[MUD-Dev] DESIGN: Player pyramid
Sporky McBeard
sporky at squidi.net
Mon Feb 7 16:55:59 CET 2005
"Mike Rozak" <Mike at mxac.com.au> wrote:
> A few days ago I thought of an interesting player model, which
> organizes players into a pyramid-like shape:
It seems to me that you are trying to group players by some
arbitrary criteria. I mean, you've got a pyramid. Now what? You can
certainly group players by their motivations, but I don't think
you'll find many answers from it. It also assumes that a player
stays in one particular level. Personally, by your chart, I've been
at every level at least a dozen different times in the hundreds of
MMORPGs and MUDs I've played.
I'm going to go out on a limb and suggest that what a player WANTS
from a game and what a player GETS from a game is based more on the
game itself than the player. Obviously, personal preference does
factor in, but we are creatures that adapt to our surroundings
rather well. In the right circumstances, we can seem to be
completely different persons.
Categorizing people's motives by their outward actions tends to be
misleading. You can make anybody into anything, and you'll
frequently find people who exist in several categories at the same
time. I don't think that being a 60% achiever/40% killer means
anything at all. We certainly can't use it to predict future
actions.
> The model exhibits a conflict amongst the players:
The conflict between players comes out of just about everything in a
game. Teenagers who think L33t-speak is cool are just going to
upset us older folks who don't know what that new fangled "emo" crap
is or why you'd want it. People who want to play for 15 minutes
aren't going to get along with people who want to play for two
hours. People who want to be merchants won't like power
gamers. PvPers won't agree with PvEers, and neither of them will
like socializers.
You don't have to go out of your way to find conflict. We are all
different. We always have been and we always will be. If we can have
wars over something as silly as religion, we will certainly have
virtual wars (where there is less risk and danger) over something
even sillier. Understanding a conflict won't stop it, and I'm not
convinced that we should stop it. It's our differences that make us
nifty.
> After all, if every player wants to be an intergalactic trader,
> there won't be anyone around to buy the goods. A world needs
> consumers (game-like players) to keep intergalatic traders happy.
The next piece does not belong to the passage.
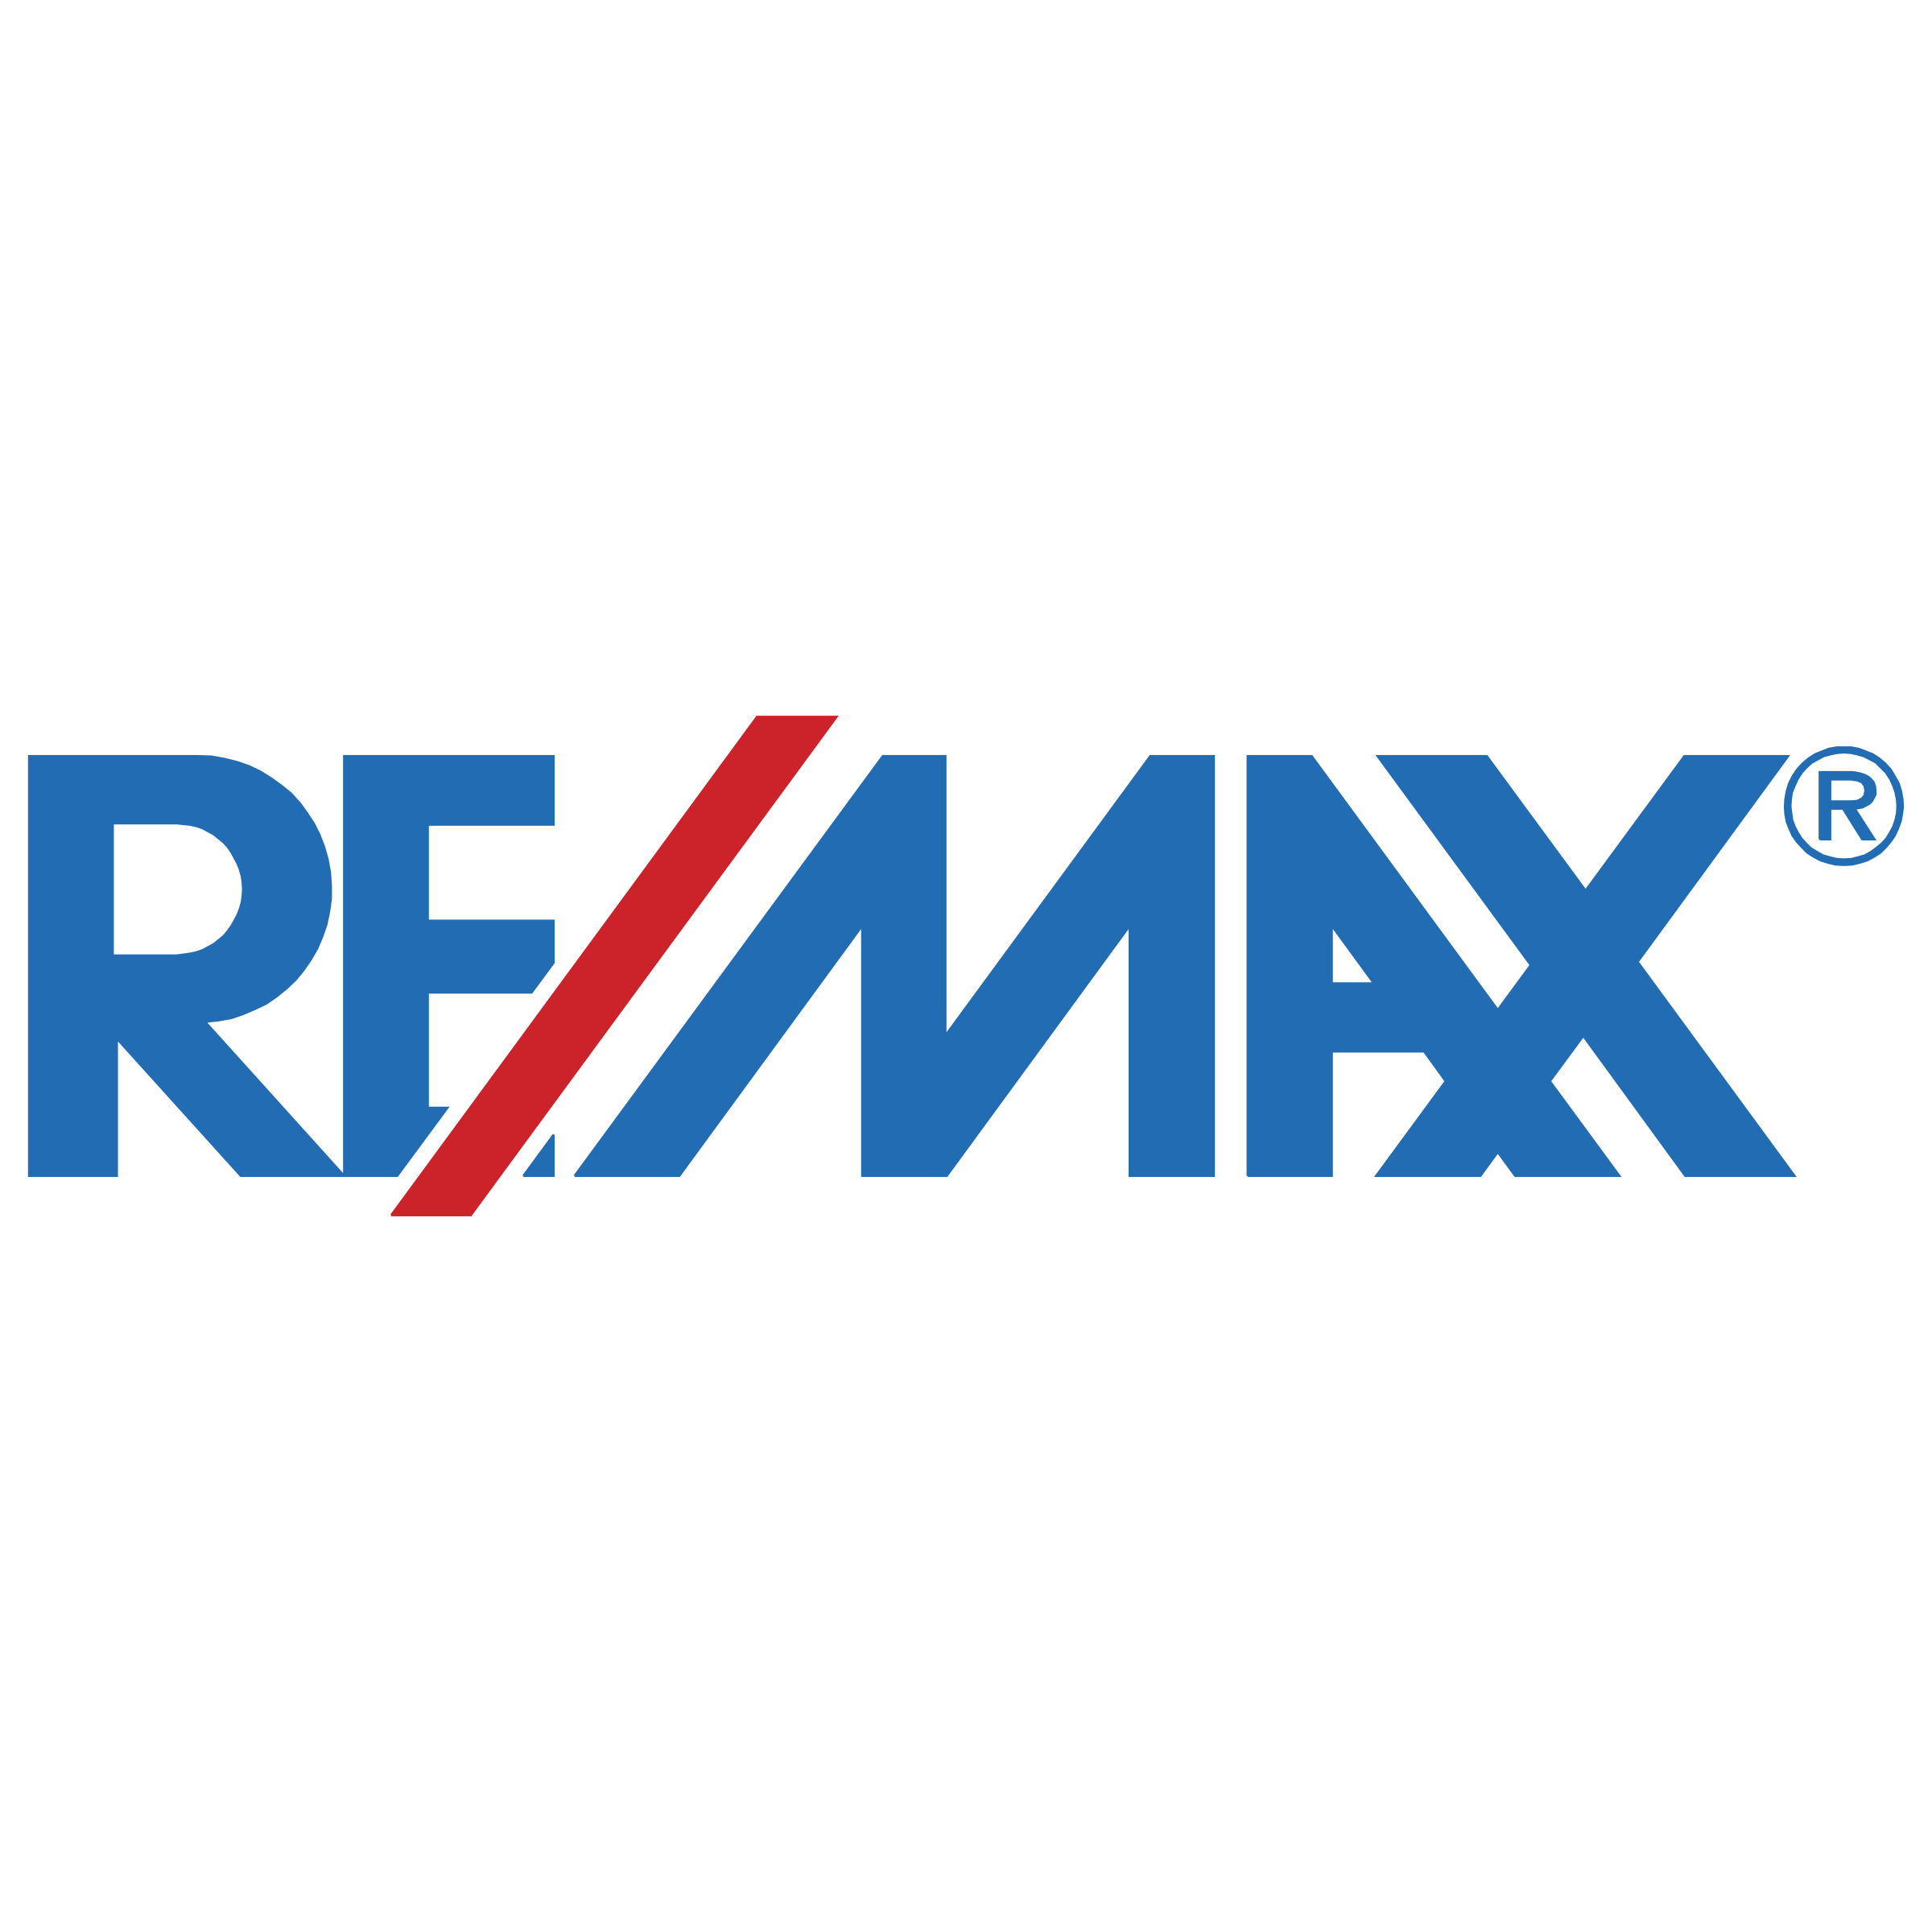 RE/MAX Logo - RE MAX Logo PNG Transparent & SVG Vector - Freebie Supply

See? This is what I'm talking about. You don't need to worry about
every player being an intergalactic trader, because players will
naturally segregate themselves into little
cliques/tribes/gangs/whatever. If killing monkeys becomes popular,
you'll see people starting to kill monkeys because they want to
belong, and you'll see people purposely not killing monkeys to not
belong, and you'll see people trying to save the monkeys because
they like monkeys better than people (and let's face it, who
doesn't?). The more people you have, the more possibilities you have
(even in something limited like CoH), and the more conflicts you'll
have to deal with.
But what you are talking about is economics. Traders need to make
money to be happy... Or do they? You see, there will be people who
are traders because they enjoy trading. Making it profitable will
just sweeten the deal, but it will also cause people who don't enjoy
being a trader to do it for that profit. Now you've fractured the
class into what are essentially power gamers (people who derive
their fun from exploiting a system for gain) and sucker gamers
(people who derive their fun from a particular activity, no matter
how broke it may be) - and now you've got conflict between the two
sides. How do you balance something like that, except to give the
power gamers an easier outlet to keep them away from these
particular suckers?
If you don't think this happens, go over to the WoW forums and check
out the difference between the under balanced class (warriors) and
the over balanced class (paladins). The strange thing is, power
gamers in one area may be suckers in another. For instance, if you
like crafting, but not fighting, you might pick the exploity combat
class but pick a sucker crafting class. When you aren't having fun,
you want to get the gain with the least amount of trouble. When you
are, there is no limit to the trouble you'll put up with.